§ **Exercise directions**: All pictures are to be omitted while the lines starting at the line with "Chcete-li prohlížet nebo" and ending at the line with "randomthink.net" in the material below are retyped exactly, both ends included.
━━━━━ Dataset excerpts ━━━━━
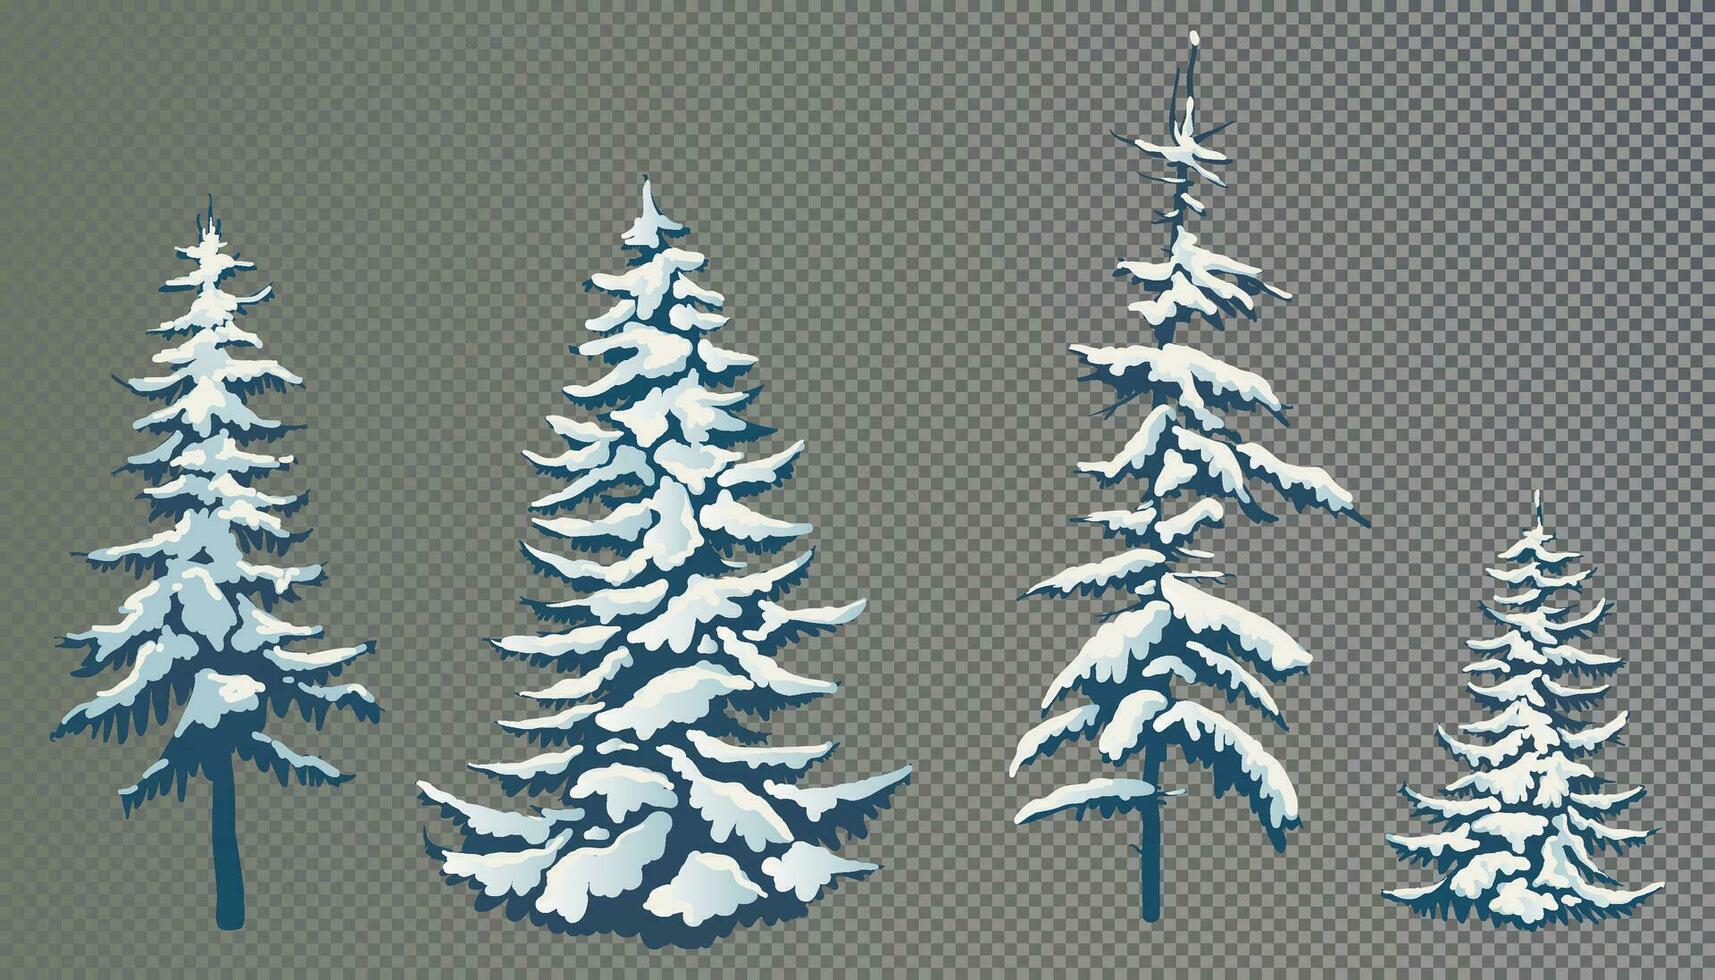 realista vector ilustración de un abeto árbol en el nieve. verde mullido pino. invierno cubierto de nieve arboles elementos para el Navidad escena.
━━━━━
━━━━━ Dataset excerpts ━━━━━
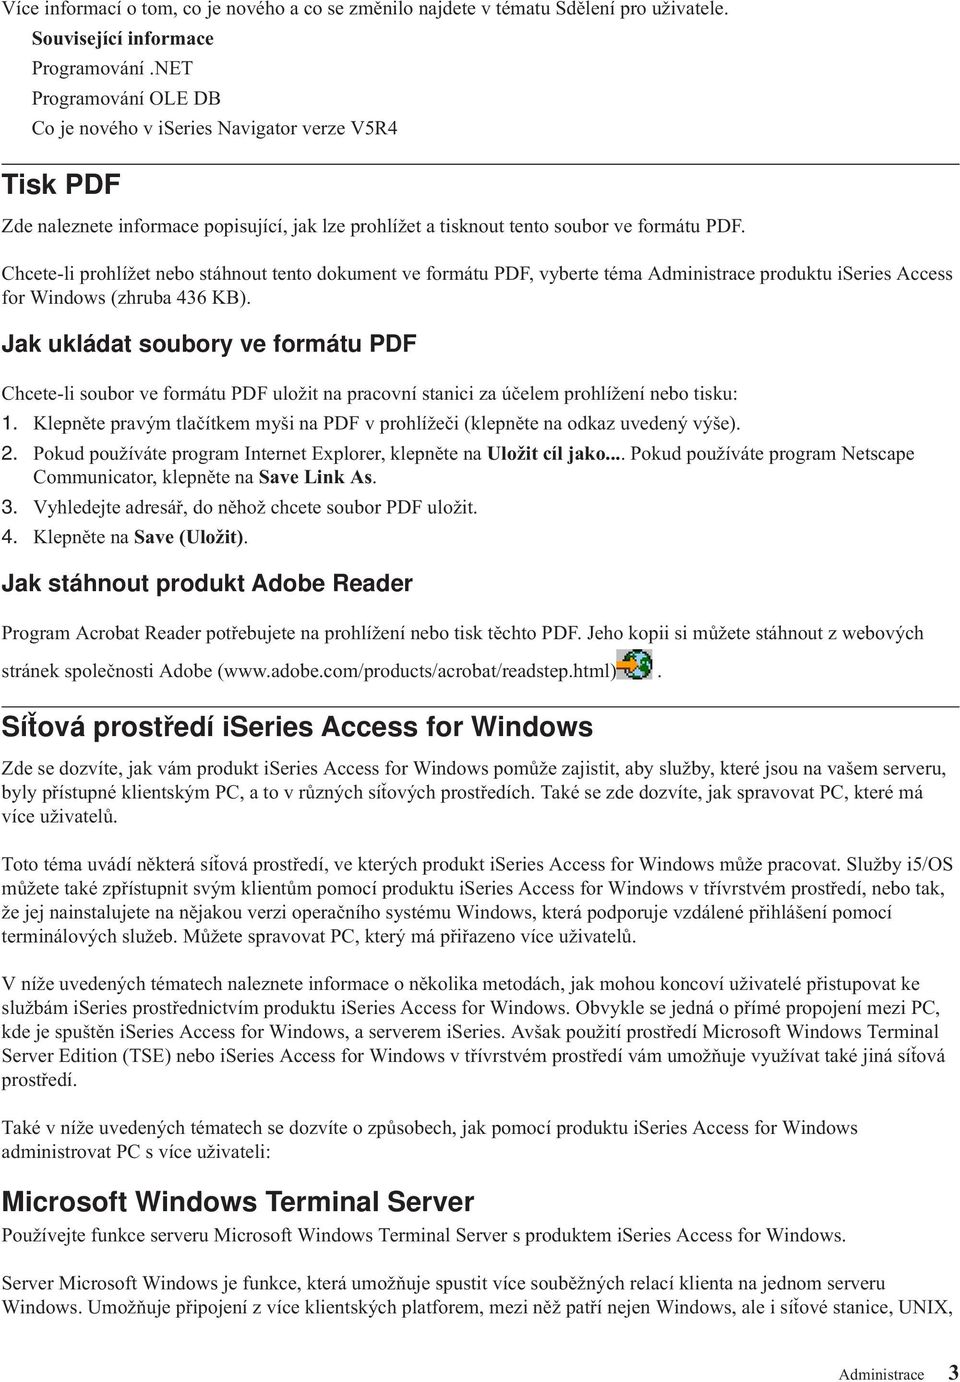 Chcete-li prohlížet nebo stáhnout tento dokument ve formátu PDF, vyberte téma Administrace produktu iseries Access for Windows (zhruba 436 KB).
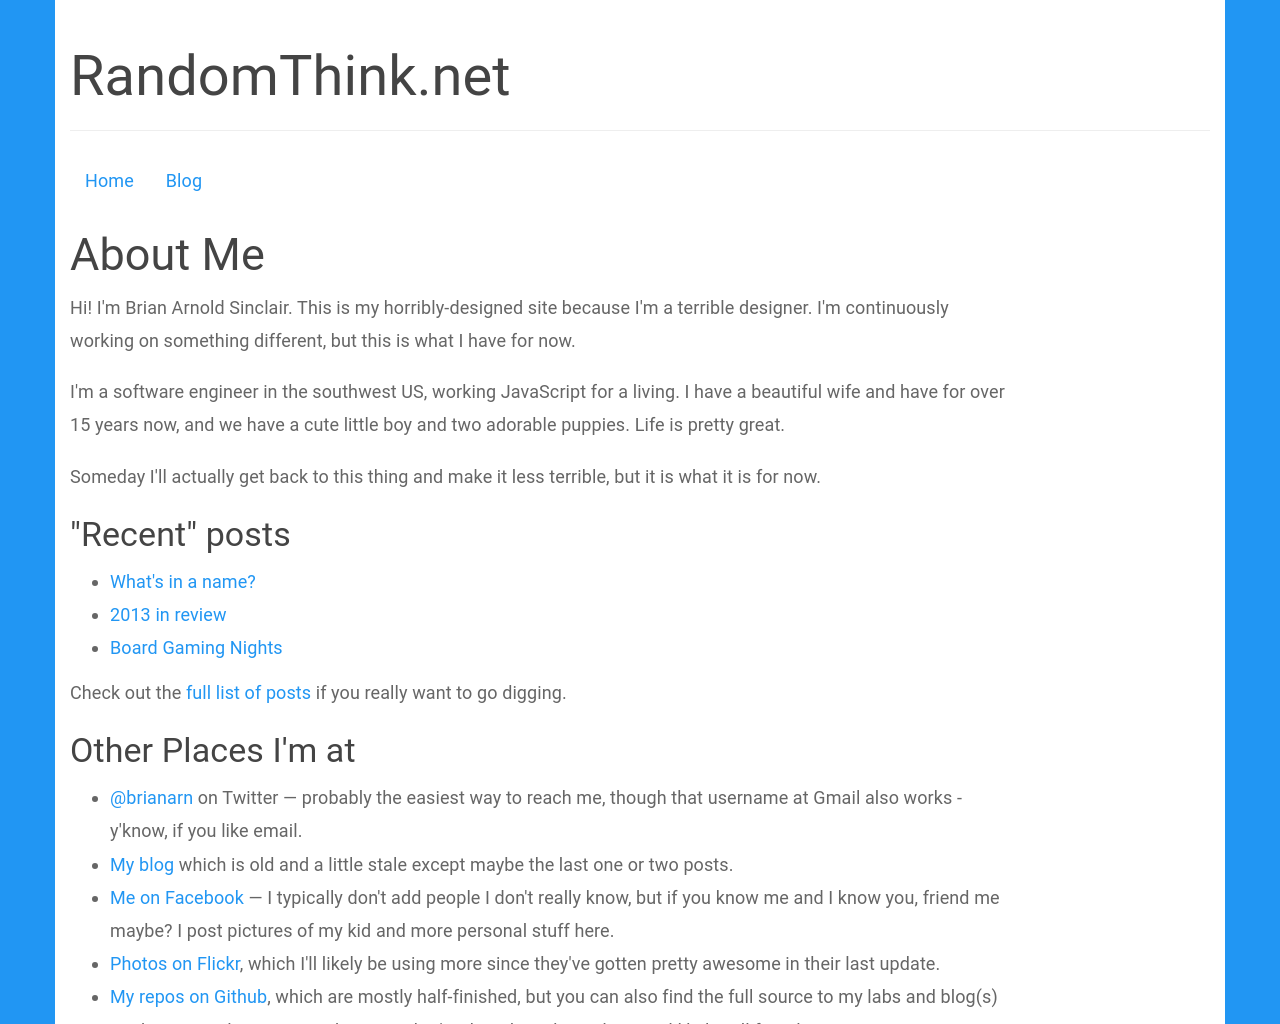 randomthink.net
━━━━━
§ **Result for this task**:
 Chcete-li prohlížet nebo stáhnout tento dokument ve formátu PDF, vyberte téma Administrace produktu iseries Access for Windows (zhruba 436 KB).
 randomthink.net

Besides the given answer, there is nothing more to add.